# Data Sources

Metarank has two data processing stages:

* *import*: consume historical visitor interaction events and produce latest point-in-time snapshot of the system and all the ML features.
* *inference*: continues processing live events that come realtime.

An overview diagram of event flow during inference/bootstrap is shown below: ![bootstrap and inference event flow](https://754461178-files.gitbook.io/~/files/v0/b/gitbook-x-prod.appspot.com/o/spaces%2FP51TUyWn10Vg5Y0r7pvt%2Fuploads%2Fgit-blob-5552a1007c7fbd284fa59a938170e0f17e16ce44%2Fconnectors.png?alt=media)

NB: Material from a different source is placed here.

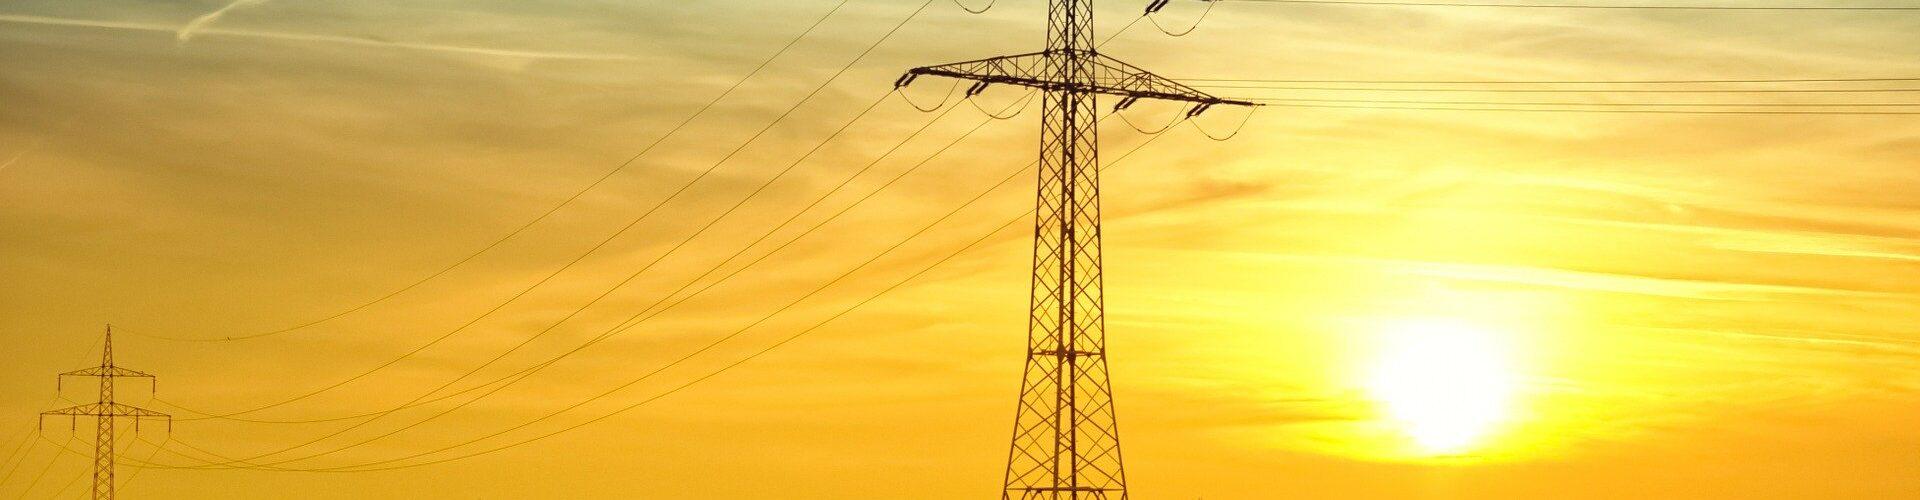 siec energetyczna

Metarank supports the following list of connectors:

| Name                                        | Import                  | Inference |
| ------------------------------------------- | ----------------------- | --------- |
| [Apache Kafka](#apache-kafka)               | yes                     | yes       |
| [Apache Pulsar](#apache-pulsar)             | yes                     | yes       |
| [AWS Kinesis Streams](#aws-kinesis-streams) | yes, but actually no \* | yes       |
| [RESTful API](#rest-api)                    | yes                     | yes       |
| [Files](#files)                             | yes                     | no        |

`*` AWS Kinesis has a strict max 7 days retention period, so if you want to store more than 7 days of historical clickthrough events, choose something else (for example, add AWS Kinesis Firehose to write events from Kinesis topic to S3 files to pick them with `Files` connector).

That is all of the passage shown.